Ceramides (Cers) accumulate within the interstices of the outermost epidermal layers, or stratum corneum (SC), where they represent critical components of the epidermal permeability barrier. Although the SC contains substantial sphingol, indicative of ceramidase (CDase) activity, which CDase isoforms are expressed in epidermis remains unresolved. We hypothesized here that CDase isoforms are expressed within specific epidermal compartments in relation to functions that localize to these layers. Keratinocytes/epidermis express all five known CDase isoforms, of which acidic and alkaline CDase activities increase significantly with differentiation, persisting into the SC. Conversely, neutral and phytoalkaline CDase activities predominate in proliferating keratinocytes. These differentiation-associated changes in isoform activity/protein are attributed to corresponding, differentiation-associated changes in mRNA levels (by quantitative RT-PCR). Although four of the five known CDase isoforms are widely expressed in cutaneous and extracutaneous tissues, alkaline CDase-1 occurs almost exclusively in epidermis. These results demonstrate large, differentiation-associated, and tissue-specific variations in the expression and activities of all five CDase isoforms. Because alkaline CDase-1 and acidic CDase are selectively upregulated in the differentiated epidermal compartment, they could regulate functions that localize to the distal epidermis, such as permeability barrier homeostasis and antimicrobial defense.     

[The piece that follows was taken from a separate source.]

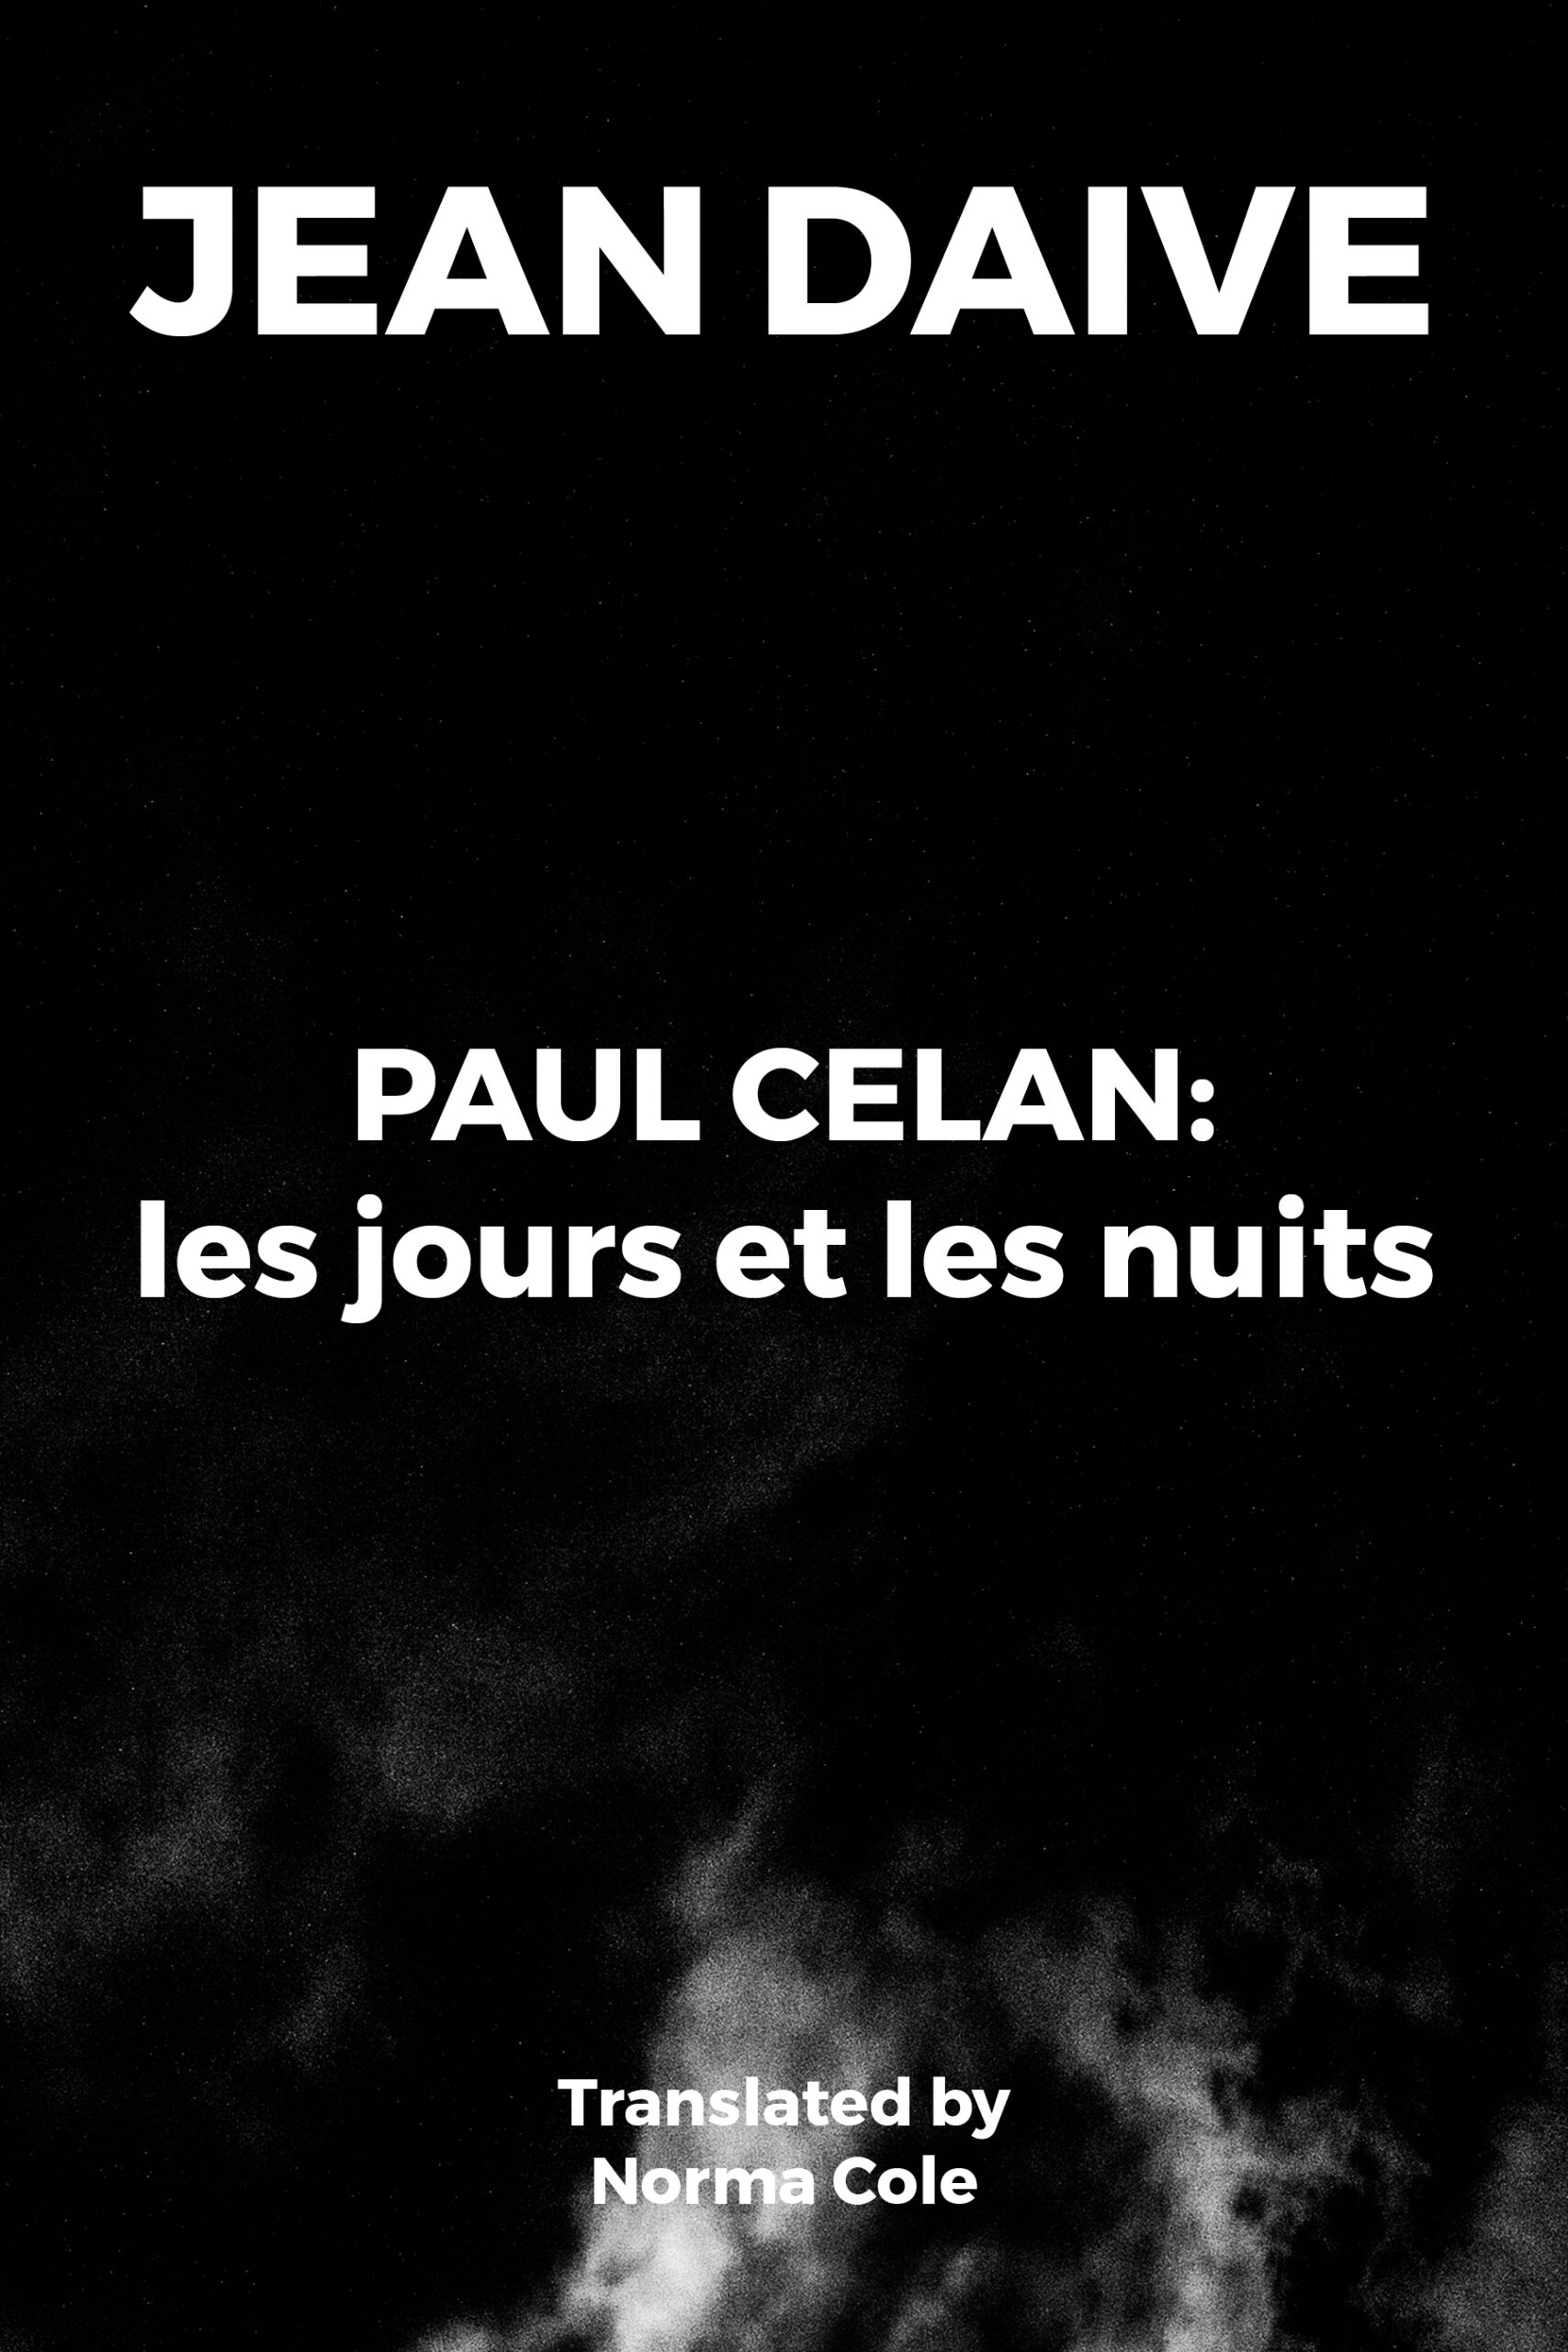 Paul Celan — les jours et les nuits

Integrity and barrier function of the epidermis critically depend on glucosylceramide synthesis

Ceramides are vital components of the water barrier in mammalian skin. Epidermis-specific, a major ceramide portion contains omega-hydroxy very long chain fatty acids (C30-C36). These omega-hydroxy ceramides (Cers) are found in the extracellular lamellae of the stratum corneum either as linoleic acyl esters or protein bound. Glucosylceramide is the major glycosphingolipid of the epidermis. Synthesized from ceramide and UDP-glucose, it is thought to be itself an intracellular precursor and carrier for extracellular omega-hydroxy ceramides. To investigate whether GlcCer is an obligatory intermediate in ceramide metabolism to maintain epidermal barrier function, a mouse with an epidermis-specific glucosylceramide synthase (Ugcg) deficiency has been generated. Four days after birth animals devoid of GlcCer synthesis in keratinocytes showed a pronounced desquamation of the stratum corneum and extreme transepidermal water loss leading to death. The stratum corneum appeared as a thick unstructured mass. Lamellar bodies of the stratum granulosum did not display the usual ordered inner structure and were often irregularly arranged. Although the total amount of epidermal protein-bound ceramides remained unchanged, epidermal-free omega-hydroxy ceramides increased 4-fold and omega-hydroxy sphingomyelins, almost not detectable in wild type epidermis, emerged in quantities comparable with lost GlcCer. We conclude that the transient formation of GlcCer is vital for a regular arrangement of lipids and proteins in lamellar bodies and for the maintenance of the epidermal barrier.